Die meisten antiken Möbel in den Räumen stammen aus der sogenannten „Protomoderne”. Das war vor allem die Zeit zwischen 1800 und 1820, also auch die Zeit des Idealismus, der deutschen Klassik und auch der Frühromantik.


Die Möbel dieser vormodernen "Moderne" waren schlicht und funktional. Sie versuchten mit einfachsten Mitteln zugleich vornehm und edel zu wirken. Meistens gelang dies über ein entwickeltes Feingefühl für harmonische und erhabene Maßverhältnisse und durch eine besondere Aufmerksamkeit und Wertschätzung gegenüber den auszuwählenden Furnierhölzern.


Es ist auch die Epoche der Innerlichkeit, der inneren Werte, der Hinwendung zum Natürlichen und zur Natur. Und wenn ein Tischler in dieser besonderen Zeit mit Gefühl, Geschick und Hingabe ein Möbel hervorbrachte, dann konnte sogar ein Qualitätssprung stattfinden, eine Art von „Beseelung im Materiellen”.


An den Wänden und Möbeln zeigen sich die Spuren von über hundert Jahren.

Resonanzaustestung im grünen Zimmer: Kommode und Sessel

Sehen Sie sich die Kommode in der oberen Abbildung genau an: Die Schubladen sind minimal breiter und schmaler, sie sind minimal hervorkragend oder eingerückt. Sie haben nicht alle dieselbe Höhe. Machen Sie in Ihrer Vorstellung alle Schubladen gleich groß. Dann befinden Sie sich in dem gemeinhin bekannten Formkanon der Moderne.
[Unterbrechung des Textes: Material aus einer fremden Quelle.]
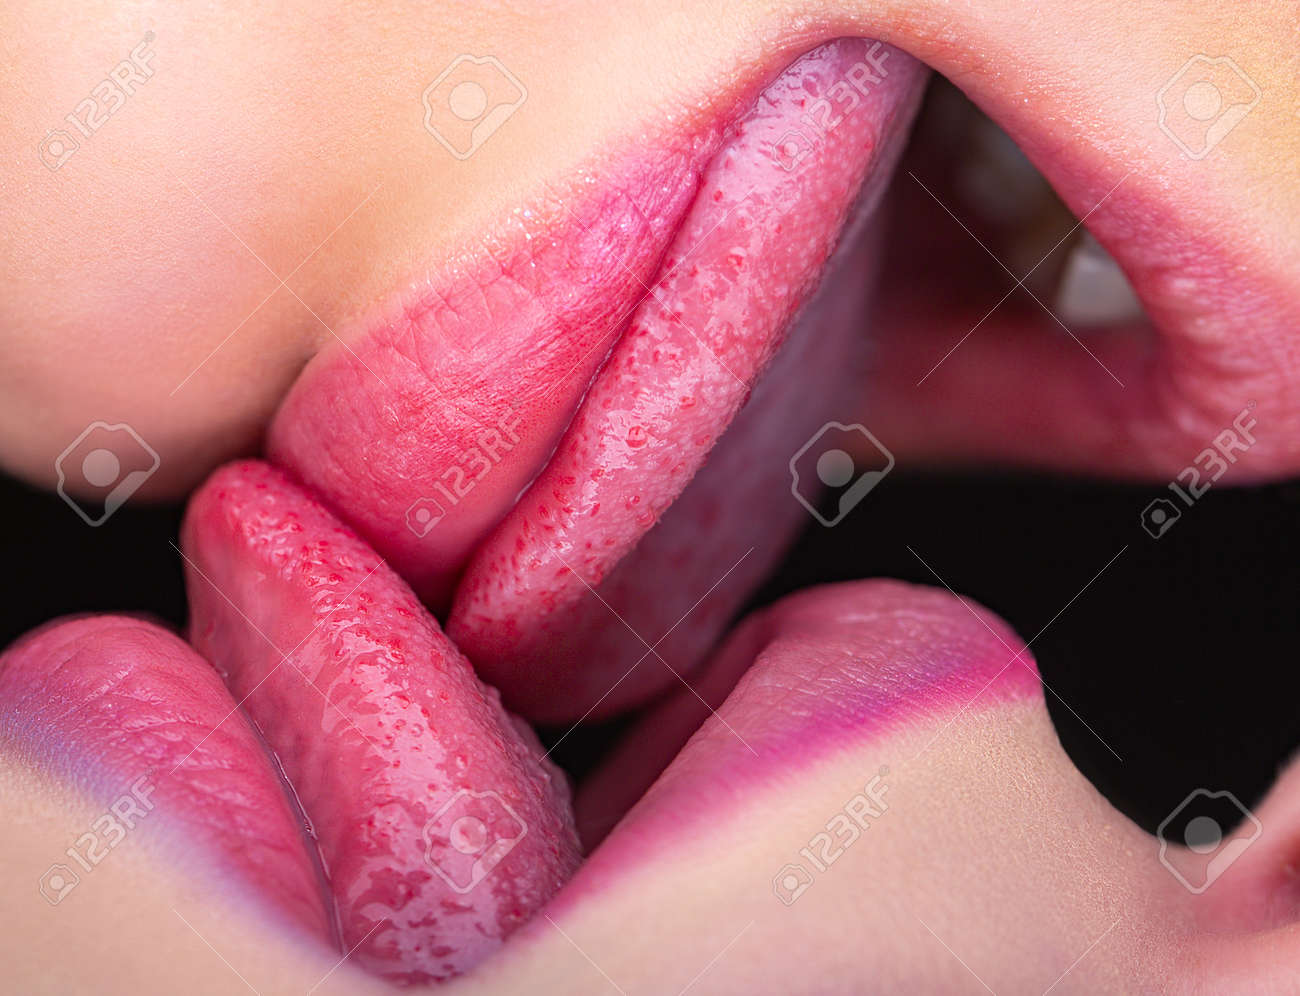 christine combes recommends imagenes de besos de lengua pic

Dann ist der Zauber verloren.


Die Möbel des frühen achtzehnten Jahrhunderts waren einmal die Vereinigung einer ssublimen Wahrnehmung für höhere und idealistische Ordnungen, gepaart mit einer minimalistischen Ausdrucksweise, die bei kleinstem Aufwand den größten Effekt erzielte.


In ihren besten Hervorbringungen wirkt die Protomoderne sogar wie eine vorweg genommene „Essenz der Moderne”.
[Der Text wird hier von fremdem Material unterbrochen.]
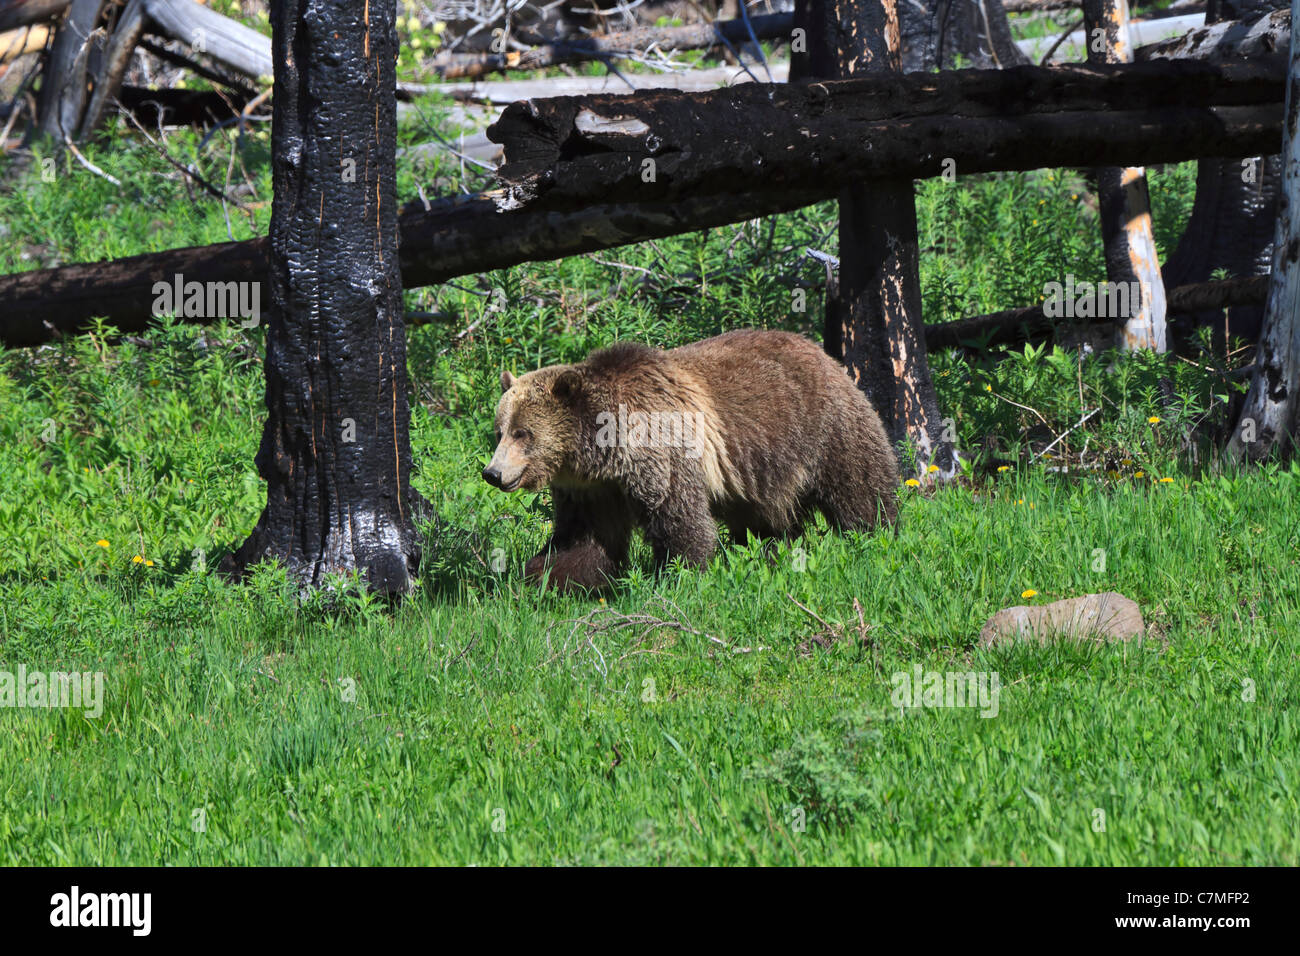 Grizzly Bear, Ursus arctos horribilis. Un oso grizzly en una zona de regeneración de incendios forestales en el Parque Nacional Yellowstone, a finales de primavera. Foto de stock

Während der Renovierung stand die Kommode schon da.

In diesen Raum sind während der Renovierung verschiedene Möbel hinein und wieder hinaus gewandert. Ihre Wirkung aufeinander und auf den Raum wurde getestet. Der oben abgebildete Stahlrohrsessel, war so ein Möbel.


Er ist ein Designklassiker der klassischen Moderne. Als solcher ist er ebenso schlicht und funktional konzipiert wie die Kommode. Beide Möbel passen formalästhetisch und weltanschaulich zusammen. Sie gehen miteinander in Resonanz.


Insofern lassen sich gut „resonante Verbindungen” und „zeitliche Brücken” bauen (etwas pauschalisiert gesagt) zwischen Dingen aus den 1820zigern, aus den 1920zigern und den 2020zigern. Aber auch Möbel aus den sechziger Jahren passen da hinein. Wieso?


Dies ist eine andere Geschichte. Es ist nicht die Geschichte des „Minimalismus”, sondern die des „Aufbruchs”: Sie beginnt in meiner Wahrnehmung in der Frühromantik, führt zu Monte Veritas und expressionistischen Freikörperkulturen, zur Hippie Bewegung, zur Friedensbewegung bis hin zu einem gegenwärtigen Aufbruch in eine neue Zeit.


Im Feinstofflichen gibt es diese Verbindungen und Affinitäten zwischen Dingen und Ereignissen. Und gerade heute „resoniert” unsere Bestrebung uns von zunehmender Kontrolle und Systemzwängen zu befreien, um wieder in eine schöpferische Autonomie zu kommen mit de frühromantischen und künstlerischen Befreiungsbewegung, die damals der bürgerlichen Enge entkommen wollte.